ESOS is a compliance scheme, not a tax or a levy. It applies only to large undertakings, and it is administered by the Environment Agency. If your business qualifies, missing a deadline is expensive; if it does not, ESOS is simply useful background.

What ESOS is

ESOS is the UK’s mandatory Energy Savings Opportunity Scheme. It requires large organisations to carry out a detailed assessment of their energy use, covering buildings, transport and industrial processes, once every four years, and to identify cost-effective ways to cut consumption. The scheme is administered by the Environment Agency, which acts as the compliance body for the whole of the UK.

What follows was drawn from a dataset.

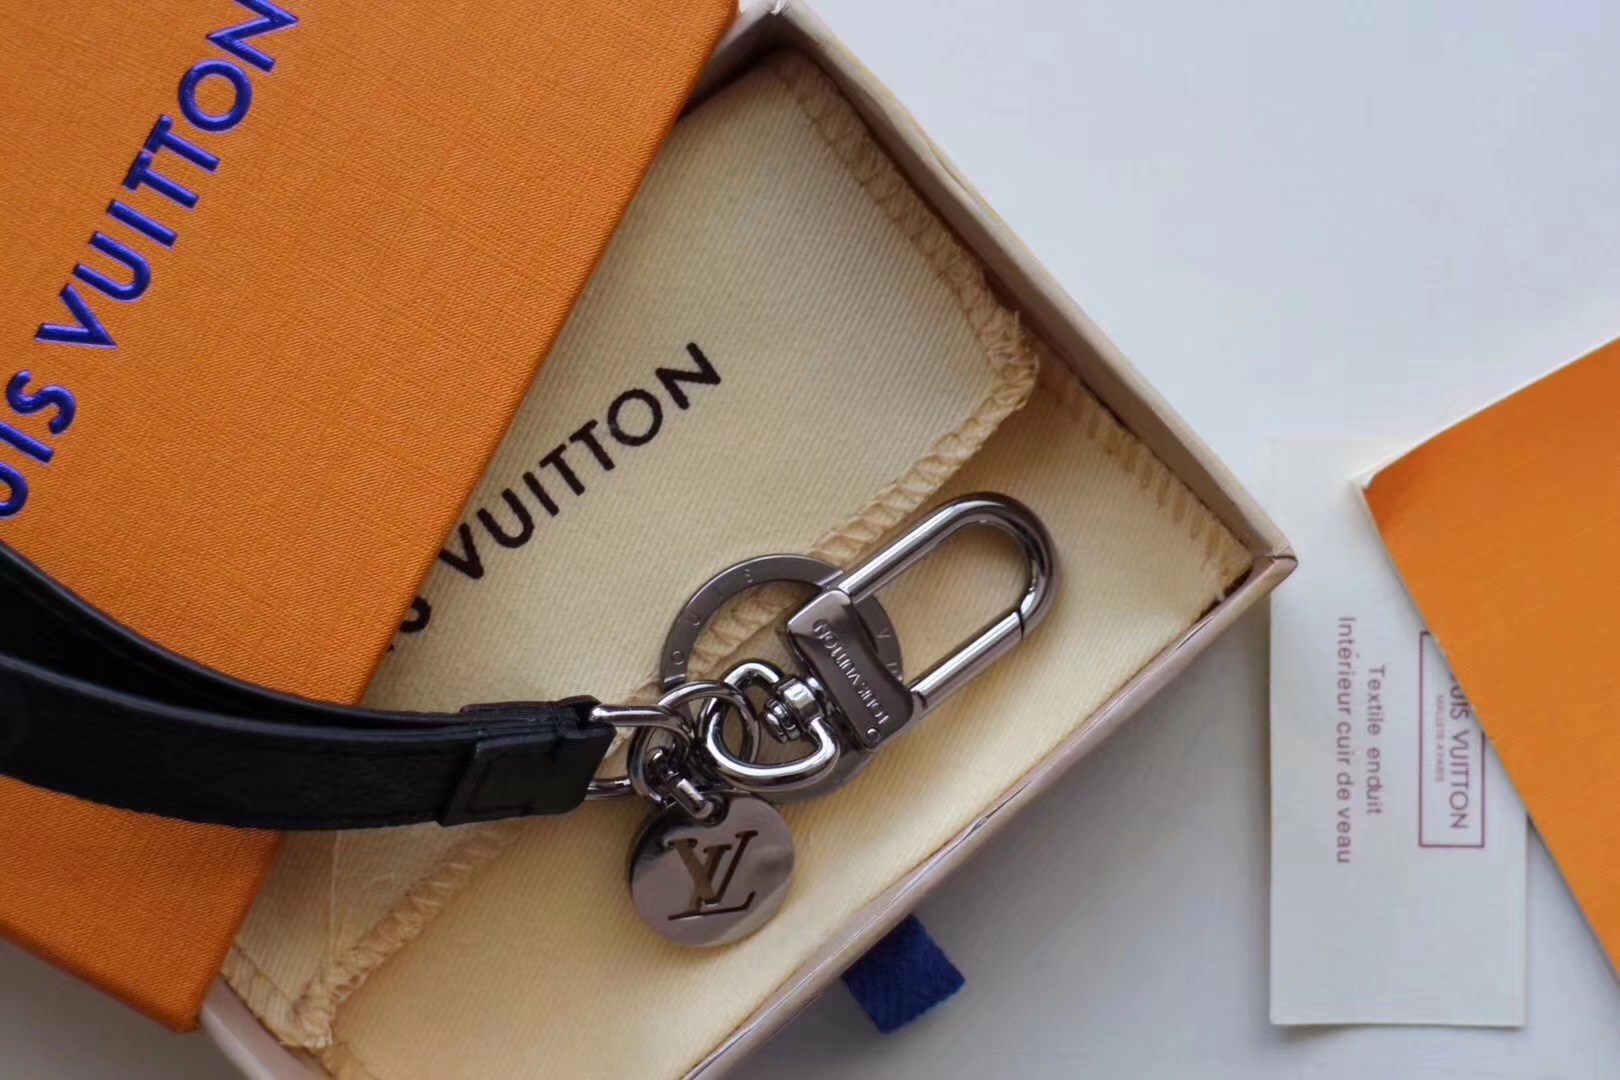 Shop Louis Vuitton Dragonne bag charm & key holder (M61950) by ROHA

The core idea is simple: large energy users are made to measure what they use and find where they could save. What they do about it is largely up to them, but the act of looking is compulsory.

Who qualifies

ESOS applies to large undertakings. A UK business qualifies if, on the qualification date, it meets either of these tests:

  • It employs 250 or more people, or
  • It has an annual turnover above around £44m and a balance sheet total above around £38m.

Corporate groups are assessed together, so smaller companies that are part of a large group can be pulled in. Most small and medium businesses fall outside ESOS entirely. If you are not sure whether your group qualifies, the employee and financial thresholds on the qualification date are the place to start.

What an ESOS assessment involves

An ESOS assessment has three broad parts:

  • Measure total energy consumption across the organisation, including buildings, industrial processes and transport, over a 12-month period.
  • Audit the areas of significant consumption to identify cost-effective energy savings opportunities.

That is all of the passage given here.